Lush sticks to its guns when it comes to this sale, but it’s not uncommon for brands to think it’s a good idea to revise their exclusivity: “Our once-a-year sale is now once-a-month! Get hyped!” Counterintuitively, this can work against you.

According to Lianna Patch of Punchline Conversion Copywriting, it’ll puncture any urgency you’ve been trying to create:

Your discounting will always be more effective when your brand itself is more trustworthy—so if you tend to extend “one-day-only” sales often, or by multiple days, or you run promotions frequently, you’re likely dis-incentivizing your customers and ruining your own appeals to urgency and scarcity. On the contrary, if you can say “Hey, we run just one sale a year, it ends when we say it ends, and you’ll never get a better deal than this,” you’re going to strike a chord with even your most reluctant prospects.

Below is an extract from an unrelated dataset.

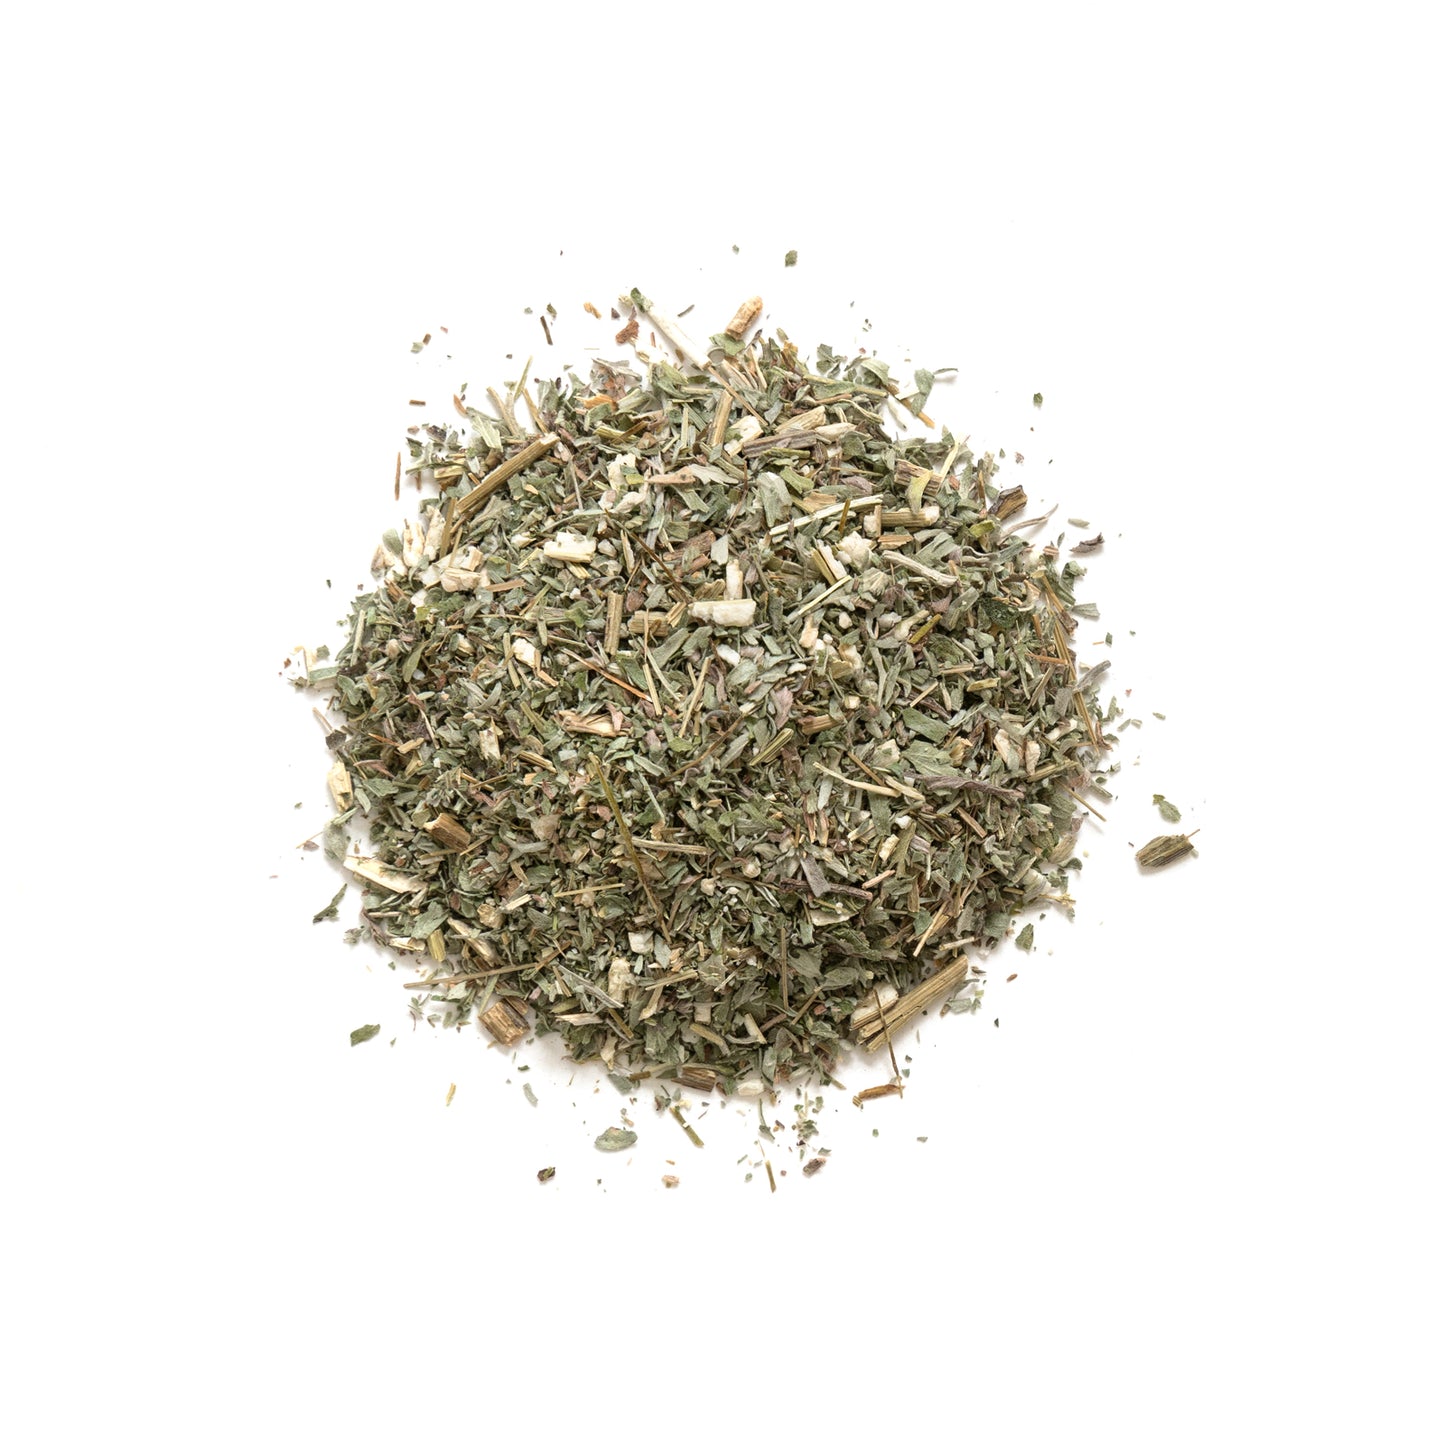 Primary Image of Wormwood (Artemisia absinthium)

Lianna Patch, Punchline Conversion Copywriting

Of course, that doesn’t mean your campaign will be a short one. An accompanying ad or email campaign can create anticipation, while a landing page with a sign-up for reminders builds your nurture lists. (There’s more on this anticipation strategy below.)

Post-Click Upselling

A frequently neglected (but still very effective) tactic is to make an additional offer after your visitor has converted. The principle is actually very simple: you’ve already done the hard part of overcoming their resistance. Now they’re in the mood to buy.

The psychological phenomenon of loss aversion can play a role here too, since an offer made on a Thank You page or a well-timed popup feels more limited: “Get an additional 10% off your next purchase today.” This special shouldn’t be mentioned until this step in the process, of course. If customers feel like they could get it at any time, it’ll be less effective.

Looking to bring more of your business online in 2020? Many owners and marketers are feeling the pressure to provide more online options for shoppers who may not feel comfortable in crowded shops this coming holiday. Read our guide to bringing your business online or explore how you can get better ROI from your online storefront by using pre-cart landing pages to tell better stories about what you sell.

2. Write Copy For Gift Givers

Most of the year, the people you target purchase for themselves or their immediate family. And much of your existing content is (understandably) attuned to their self-interest. That’s why good copywriting is typically you-oriented: it focuses on the wants and needs of the reader

During the holidays, however, this is often less true. Homer Simpson aside, people aren’t buying only for themselves. Many will shop with loved ones, friends, and colleagues in mind.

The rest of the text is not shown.